"Uh, Chris, you are going to be using oil based polyurethane paint and clearcoat, so make sure that primer you applied is oil-based and not water-based." This is what I wish I could have told myself a week ago.
Starting anew on this paintjob (following my initial spraycan debacle months ago), I went over the bodywork again and again with Evercoat products. Took a lot of work/sanding/checking and rechecking 6 times over 10 different filled areas, but the it turned out well.
Then I followed up with the grey Primer as seen in photos previously.
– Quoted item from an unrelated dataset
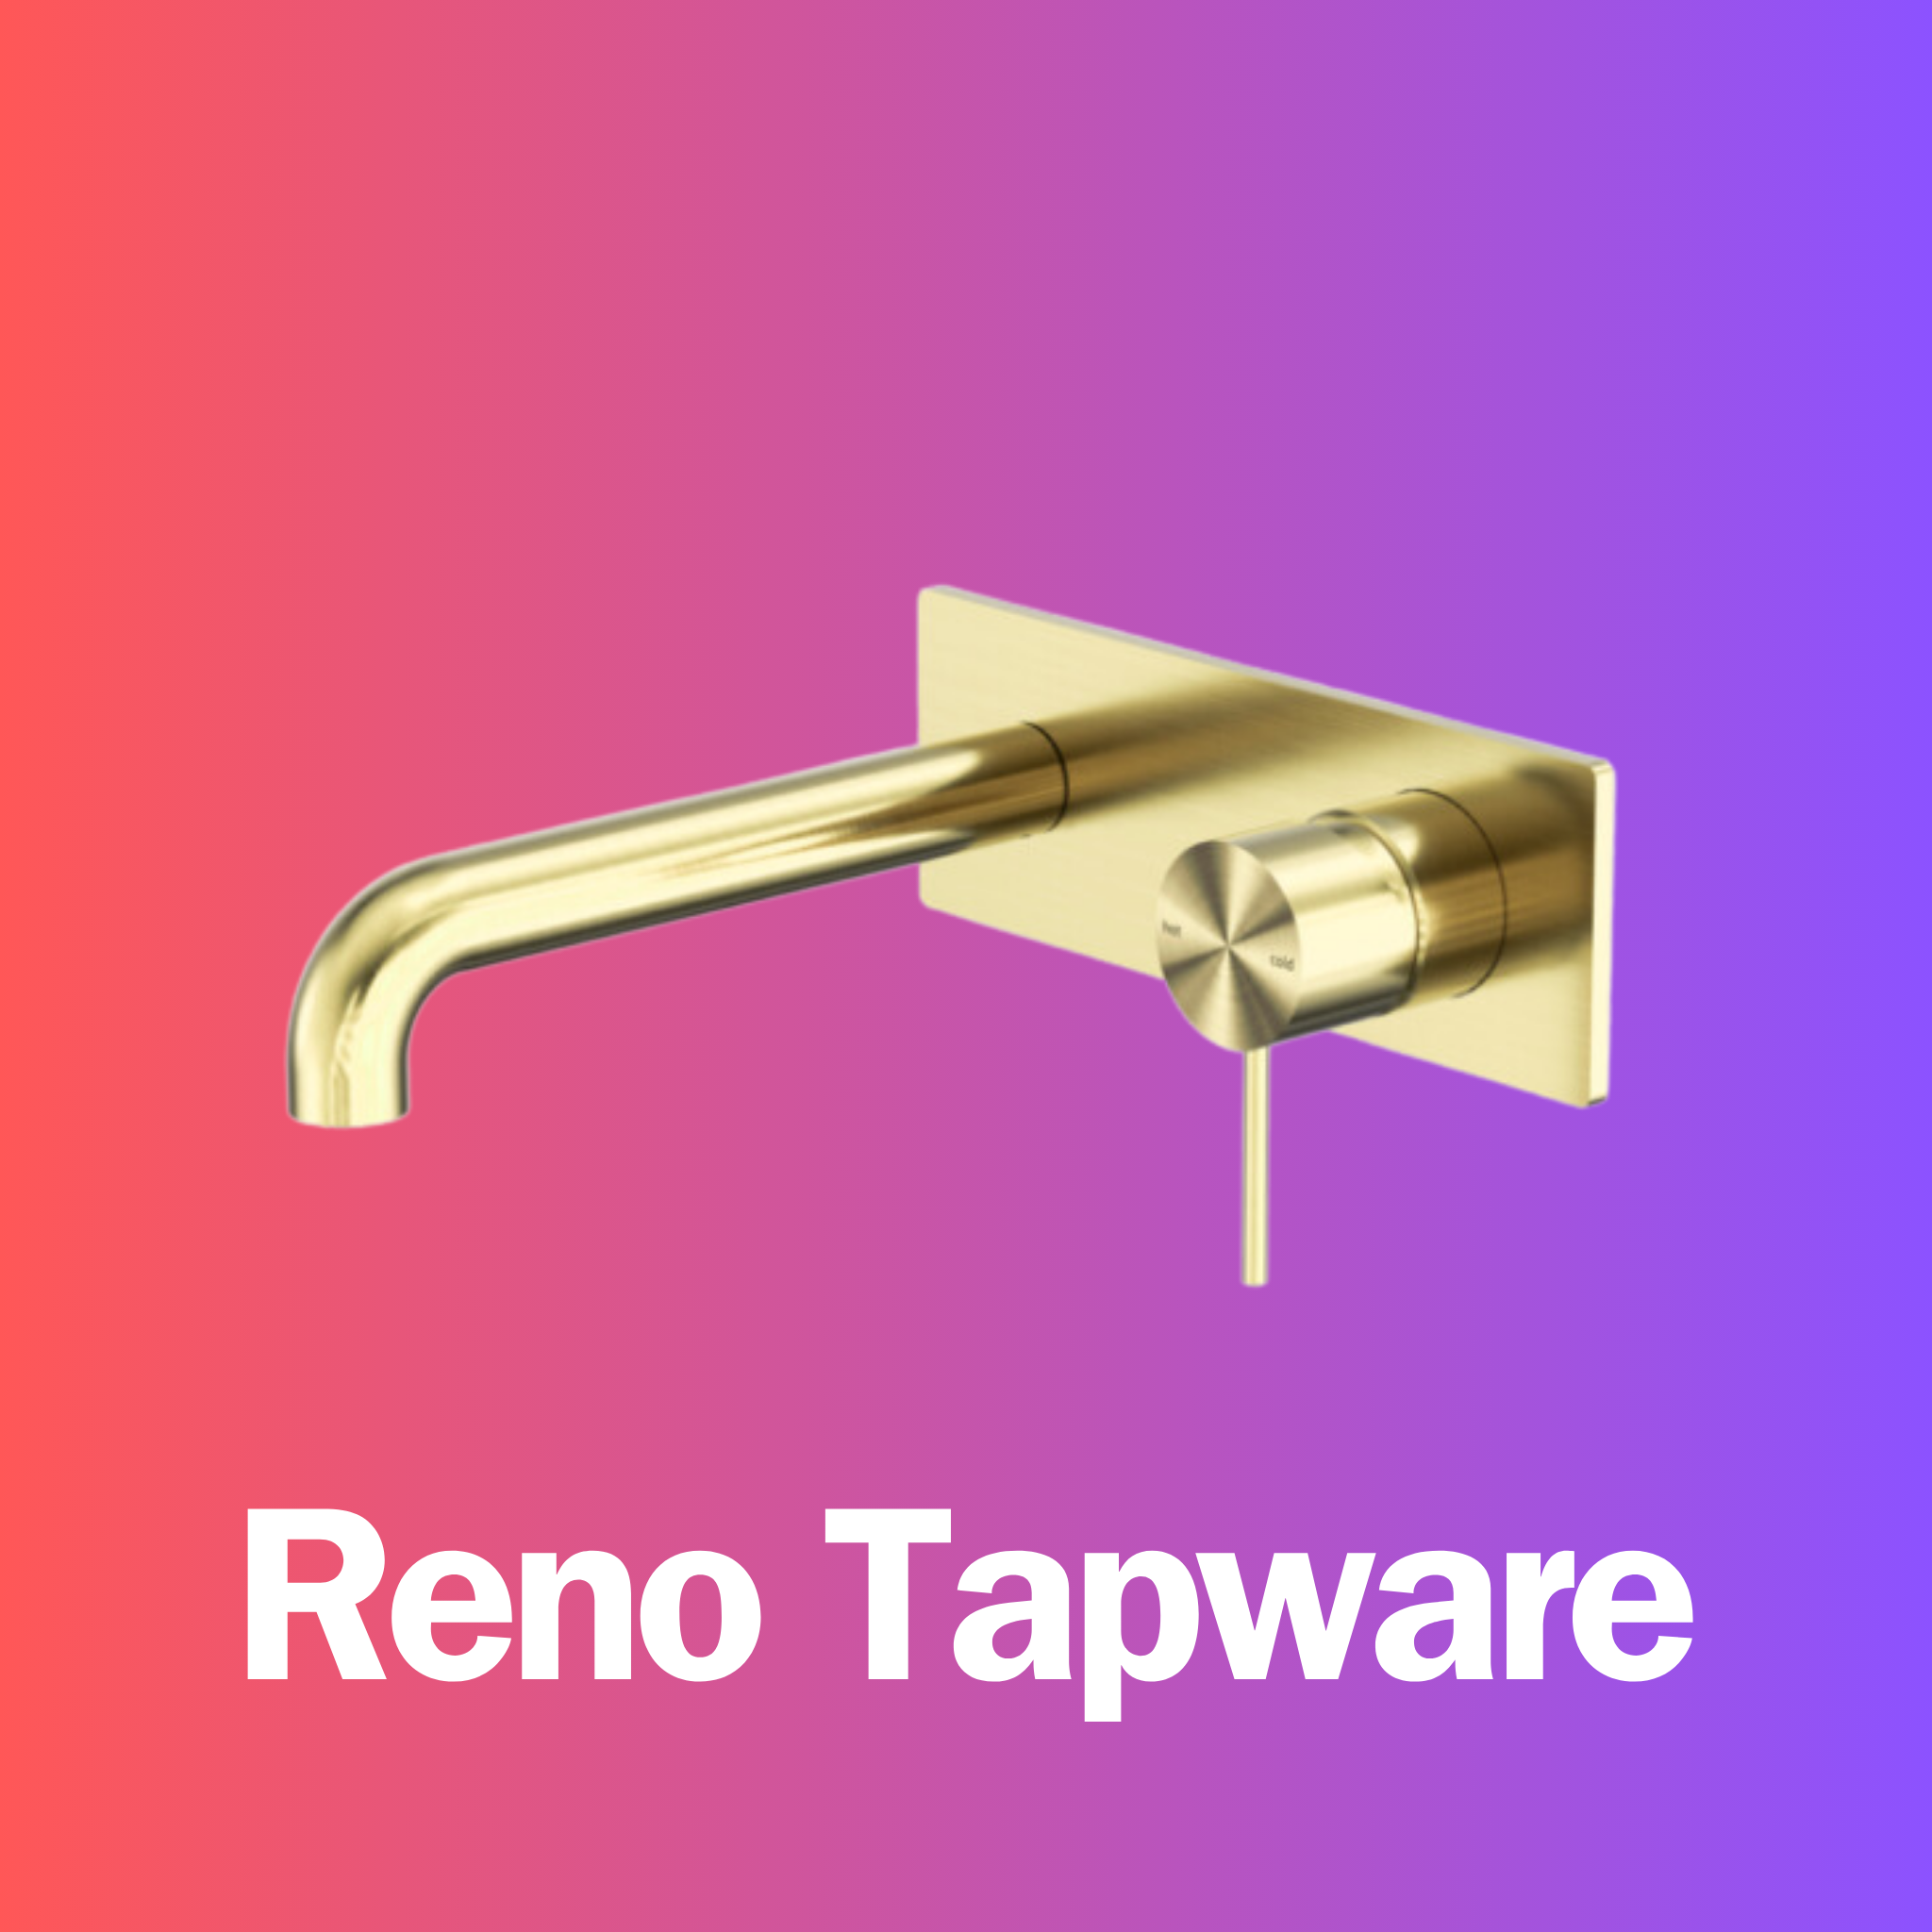 Reno Tapware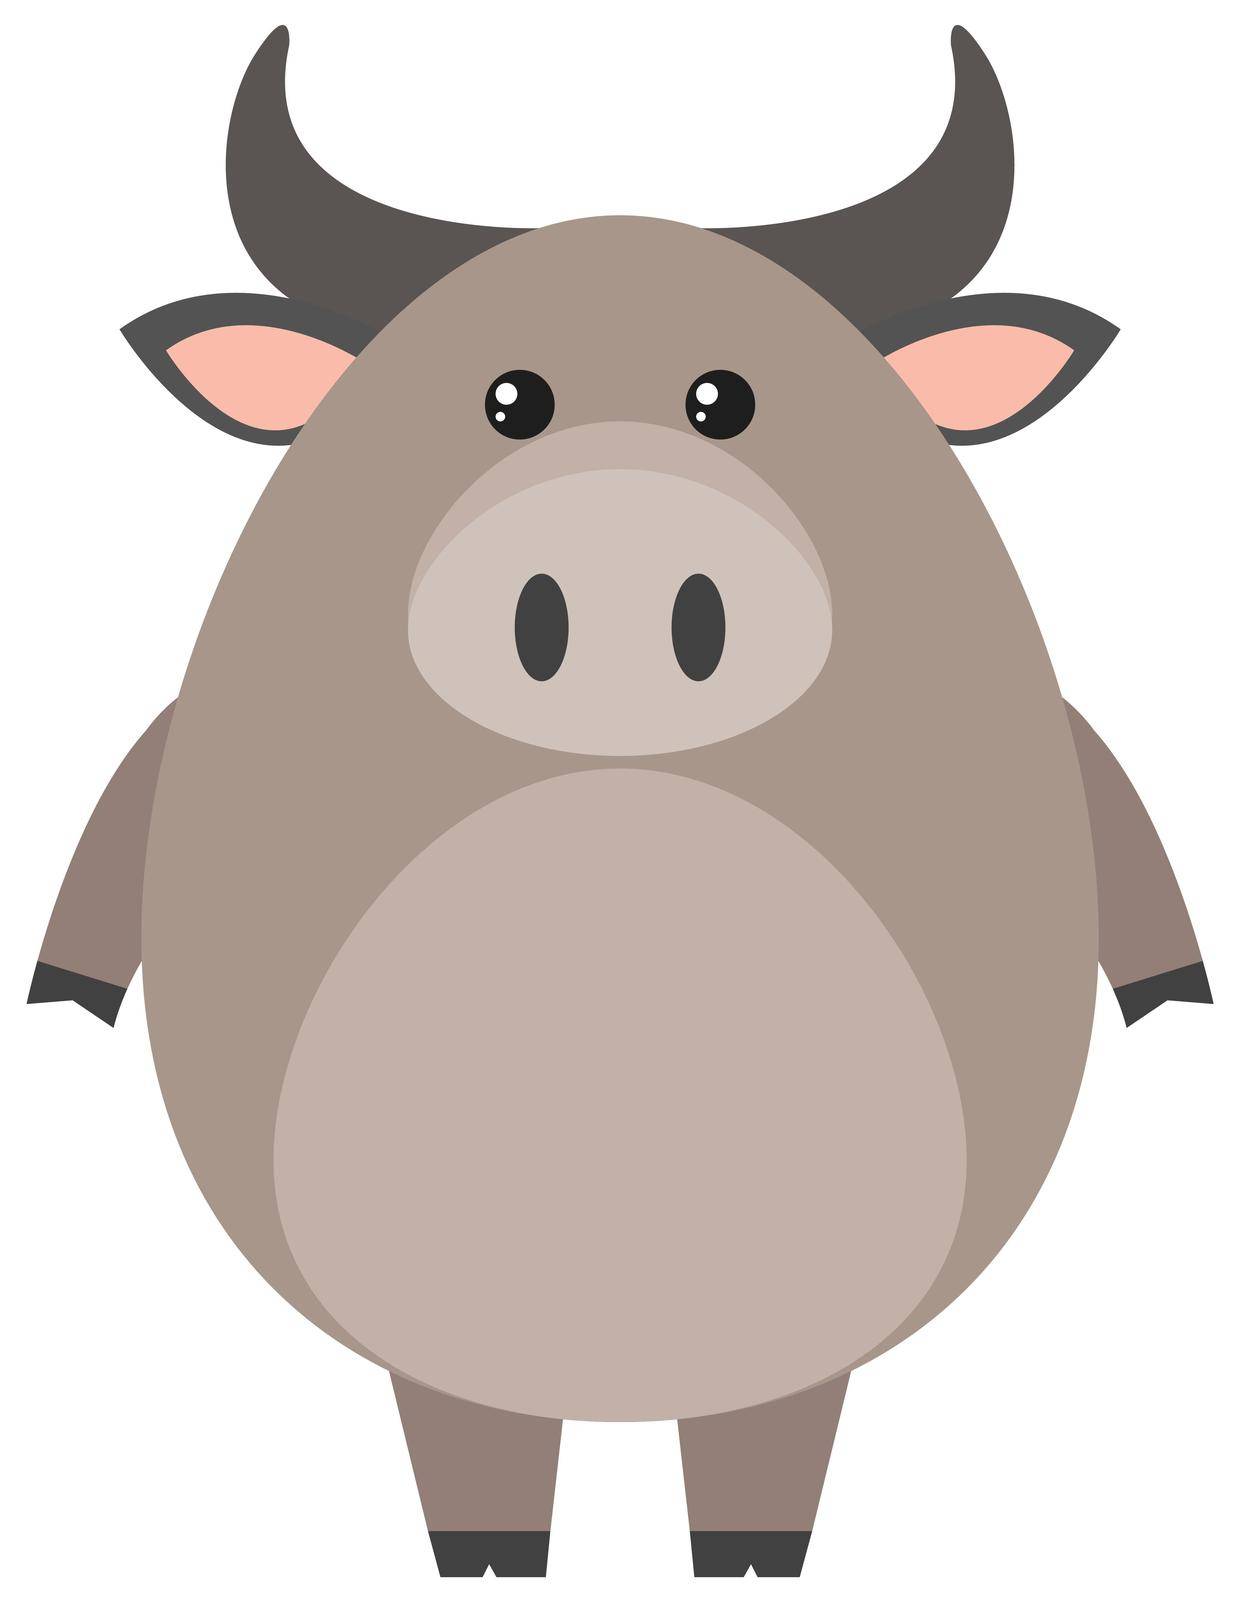 Buffalo with round body illustration

Initially, I read through the write-ups on roll-on paint jobs and these said apply primer, so that's what I was looking to do. I went to the Hardware store and bought a Rustoleum Primer product thinking, "Rustoleum is good, can't go wrong with Rustoleum Primer, right?"
The Rustoleum primer I bought said it was appliable to metals, etc. And I wanted to get something on the Jeep over this hodge-podge of scratched black paint and evercoat that was its current shabby cover.
I thought it turned out well; I sanded out the orange peal and it looked like I was ready to thin/roll-on/sand multiple polyurethane topcoats. Well not so fast.
I find out the primer I used is Rustoleum's Painter's Touch -- a water-based latex. Its pretty obvious that you don't want to use this stuff under oil based paints like my Polyurethane. So, I have to strip the water based primer now and then redo the Jeep with an oil-based primer -- basically standard Rustoleum "Oil-Based" Professional Primer.
If any of you guys ever consider roll-painting/Spraying an old Jeep on the cheap using Rustoleum/Tremclad (Oil-Based) or Interlux-type PolyUrethanes (Oil-Based), don't make the mistake of using a water-based Primer!